**Exercise aim:** Set the data down again, exactly as it reads, but without the pictures.

**Dataset content:**
········

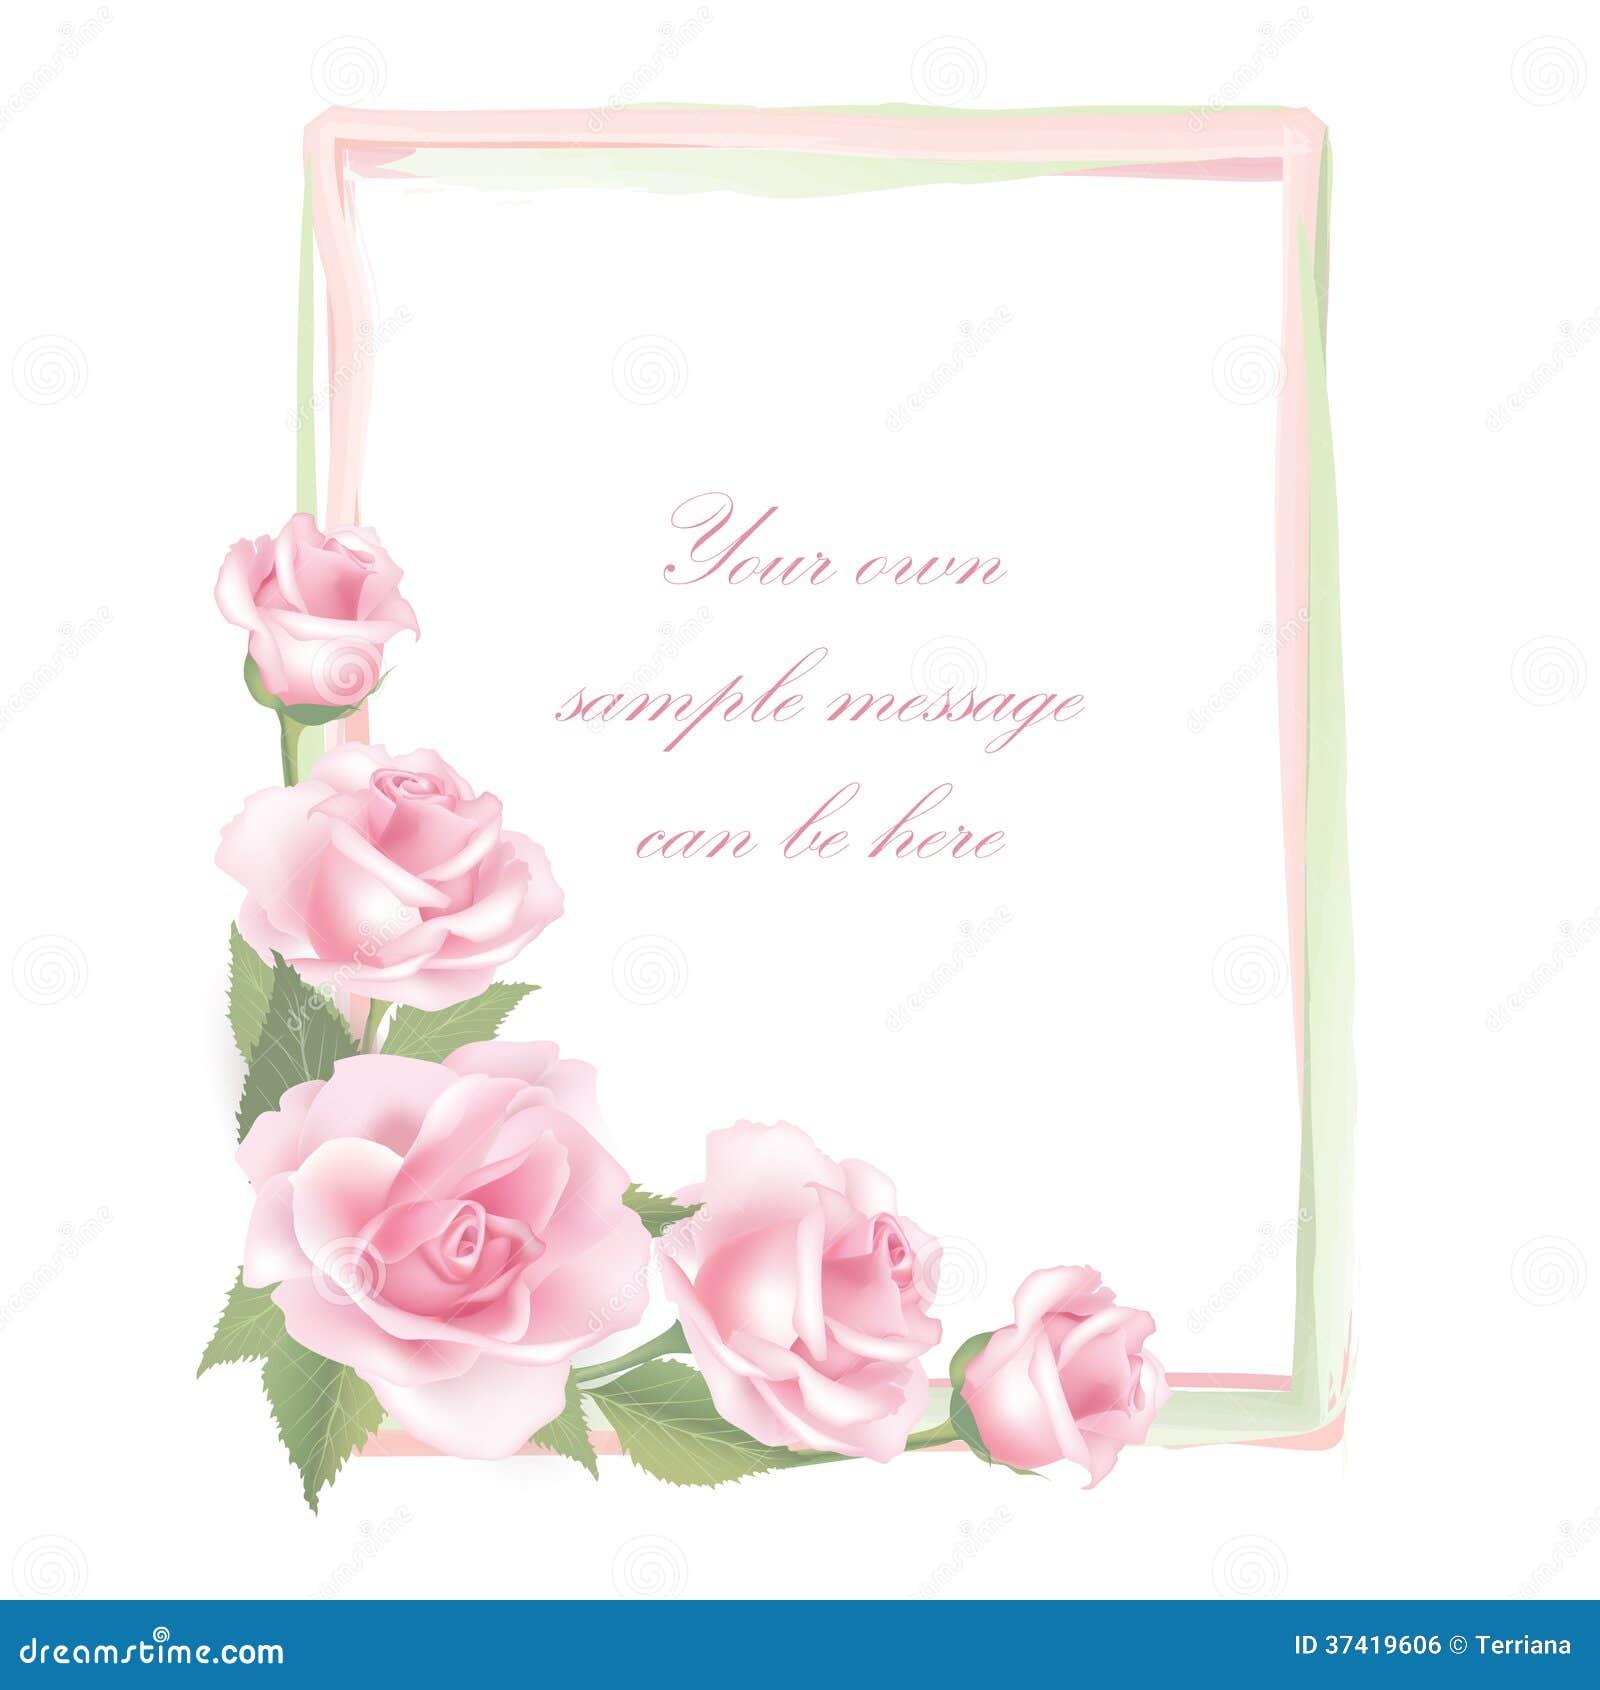 blumen rosen rahmen lokalisiert auf wei em hintergrund blumenvektordekor lizenzfreies. Black Bedroom Furniture Sets. Home Design Ideas
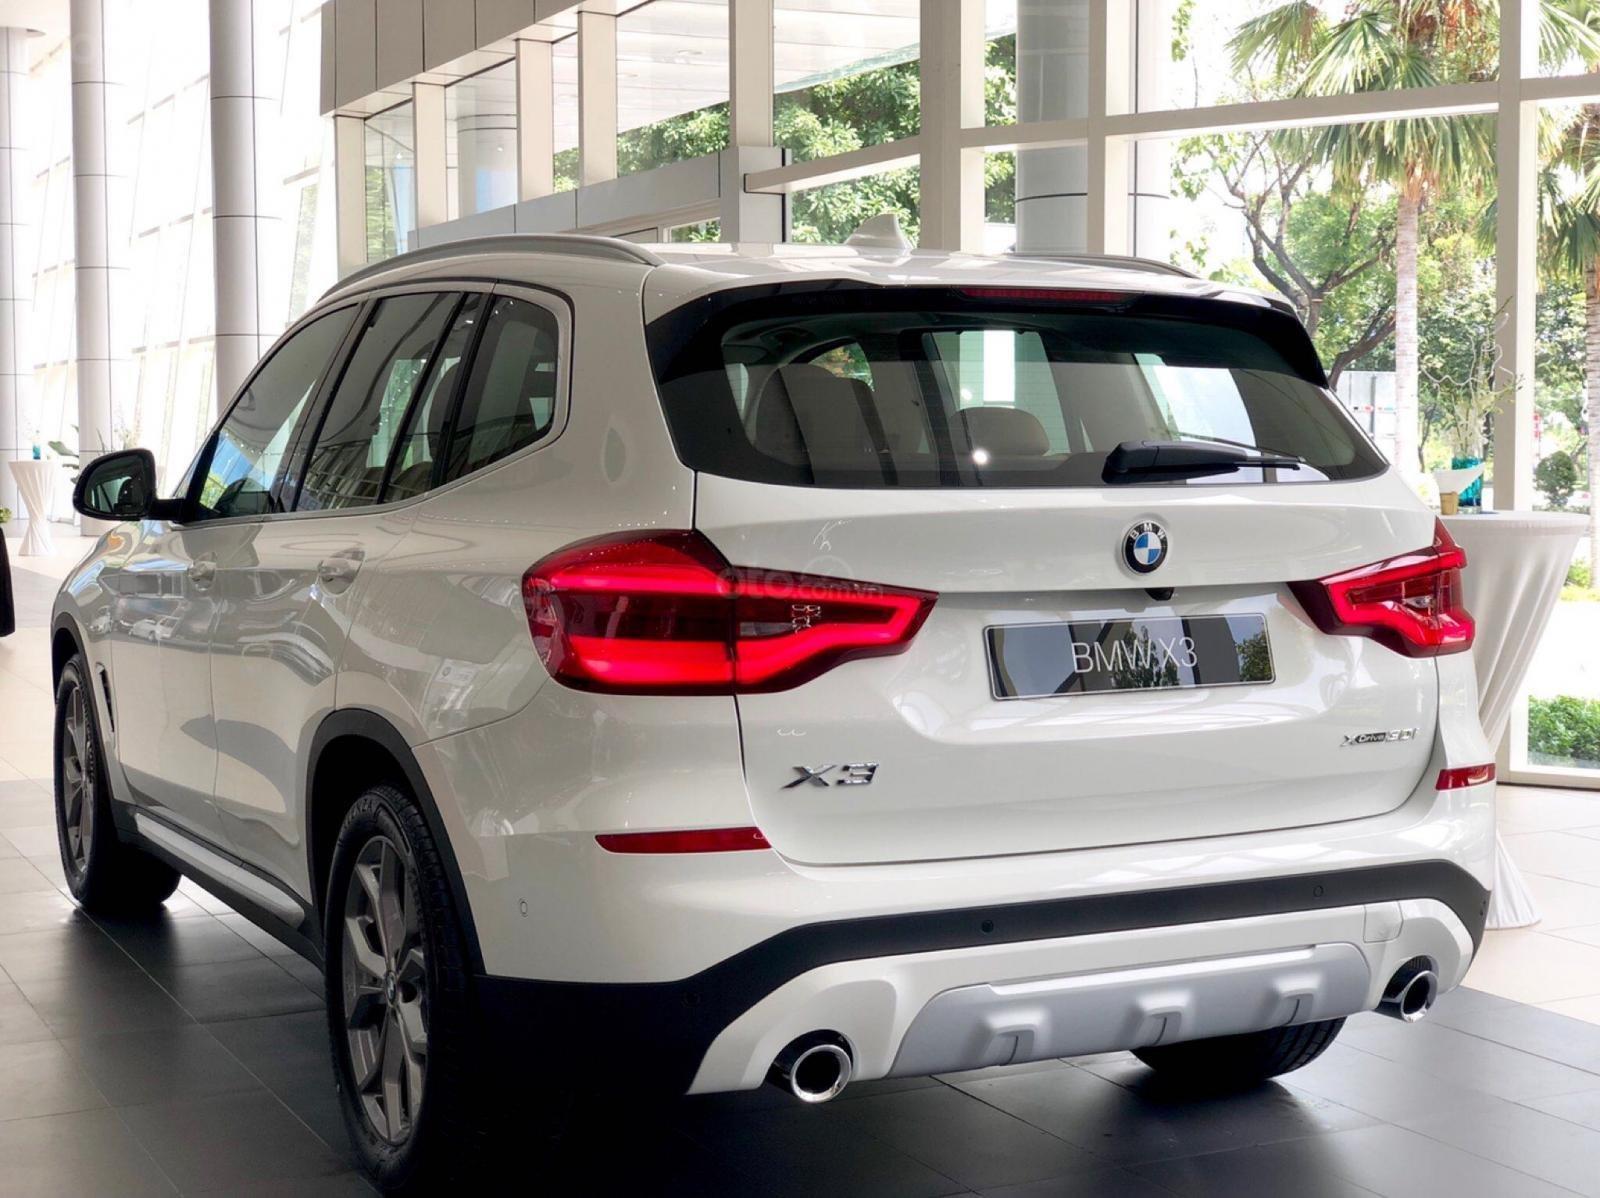 BMW X3 thế hệ mới, giá tốt nhất miền nam (6)
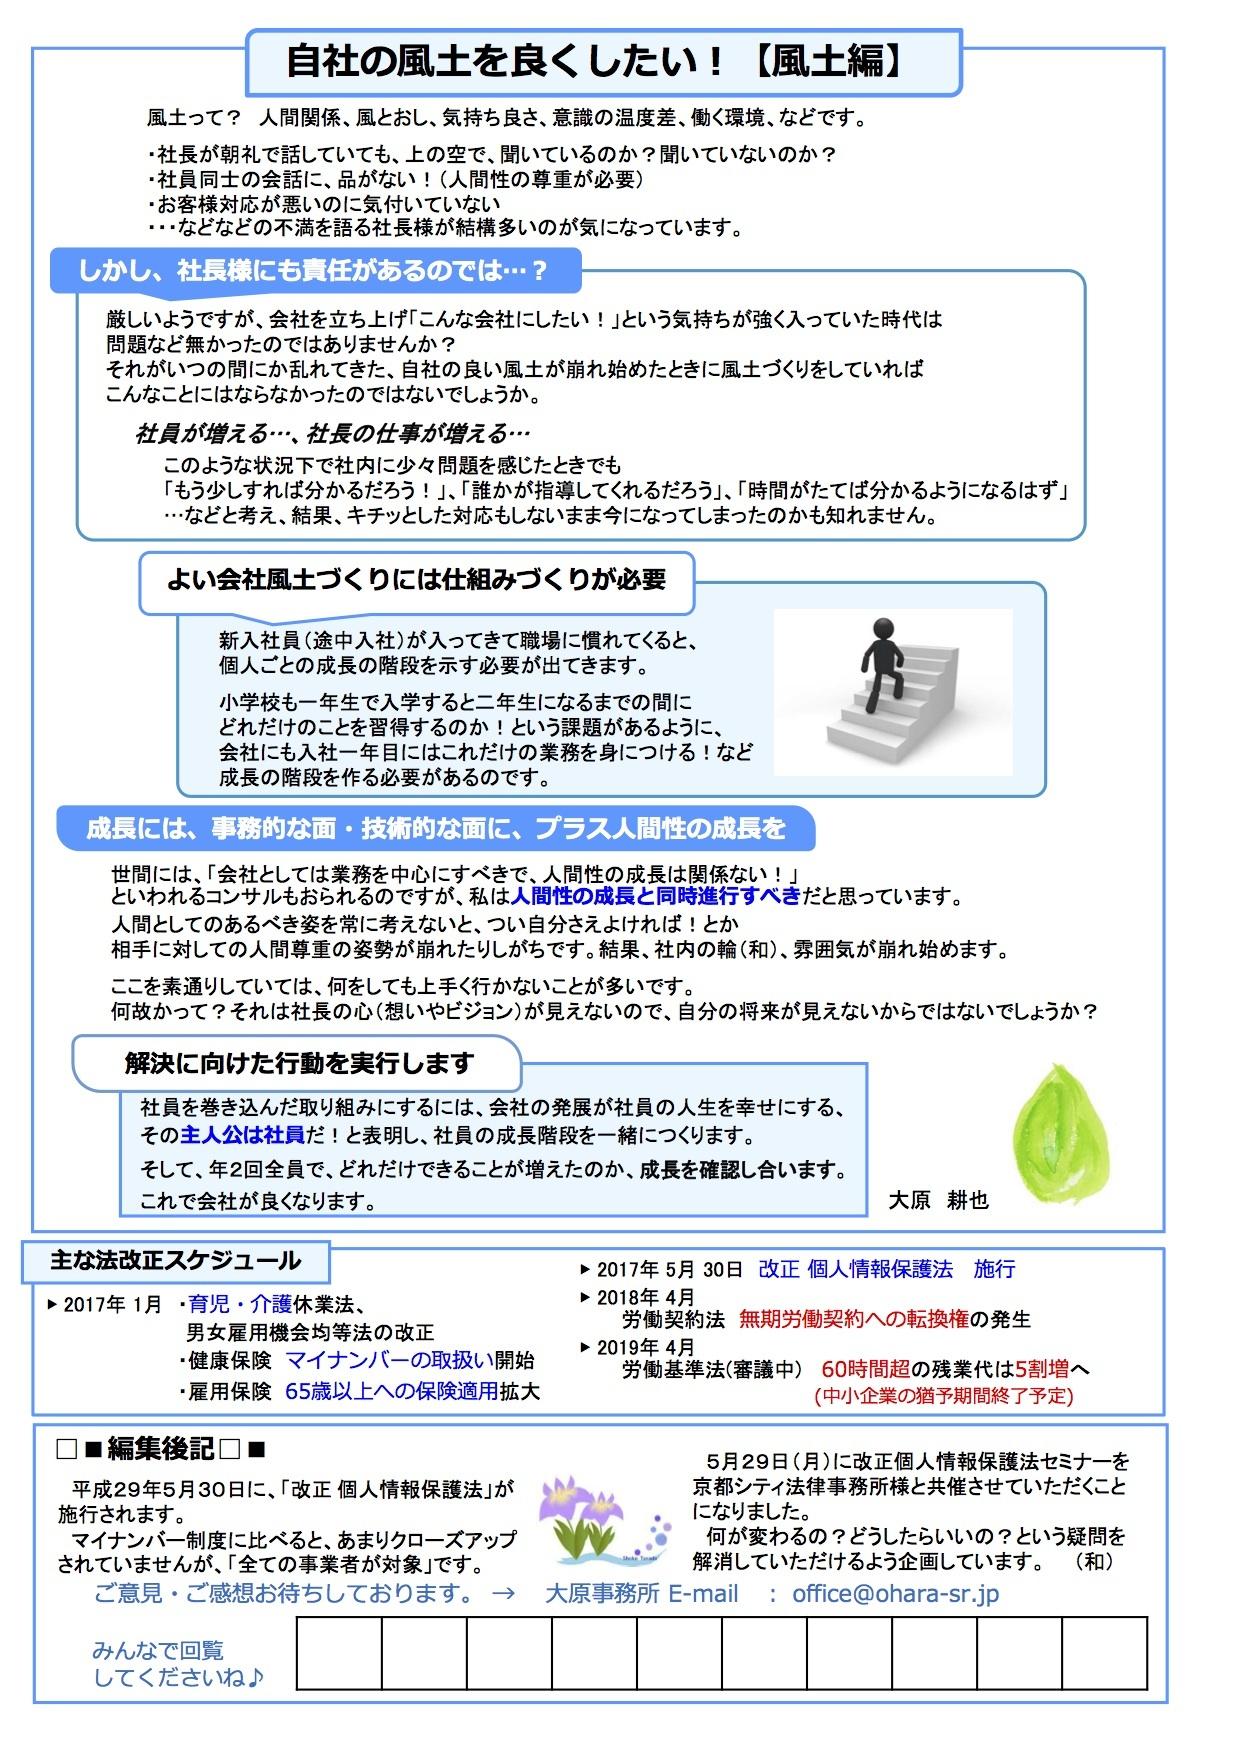 2017_05_2.jpg
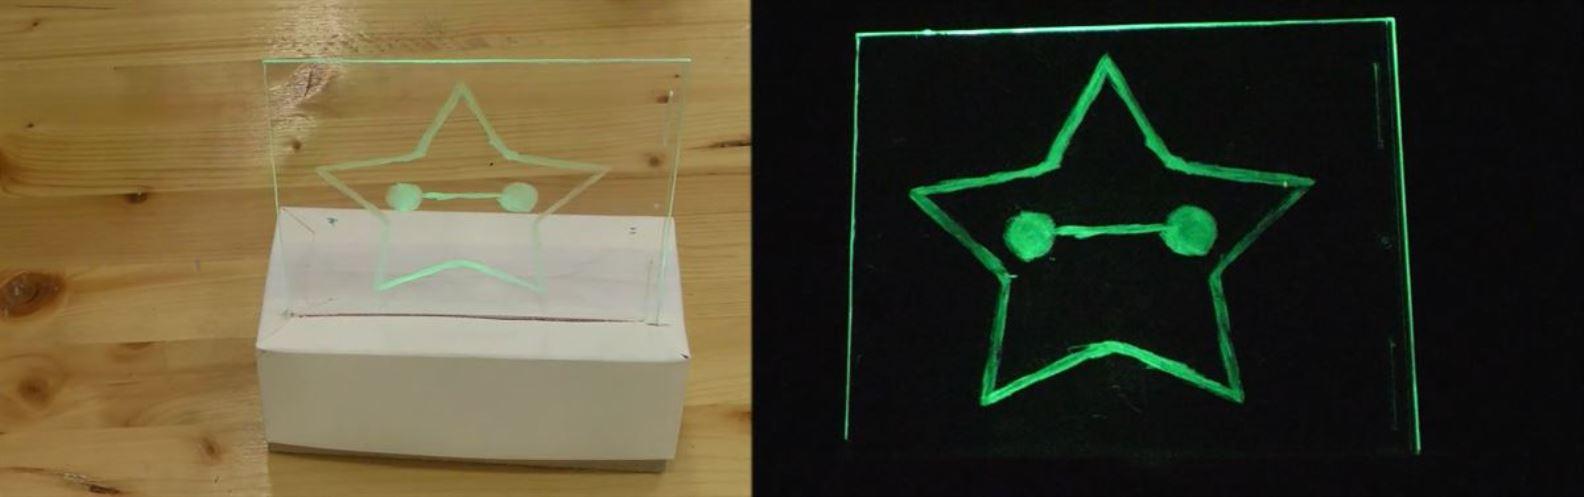 Actividad para niños de Robots: Lámpara de Navidad

········

**Written reply:**
 blumen rosen rahmen lokalisiert auf wei em hintergrund blumenvektordekor lizenzfreies. Black Bedroom Furniture Sets. Home Design Ideas
 BMW X3 thế hệ mới, giá tốt nhất miền nam (6)
 2017_05_2.jpg
 Actividad para niños de Robots: Lámpara de Navidad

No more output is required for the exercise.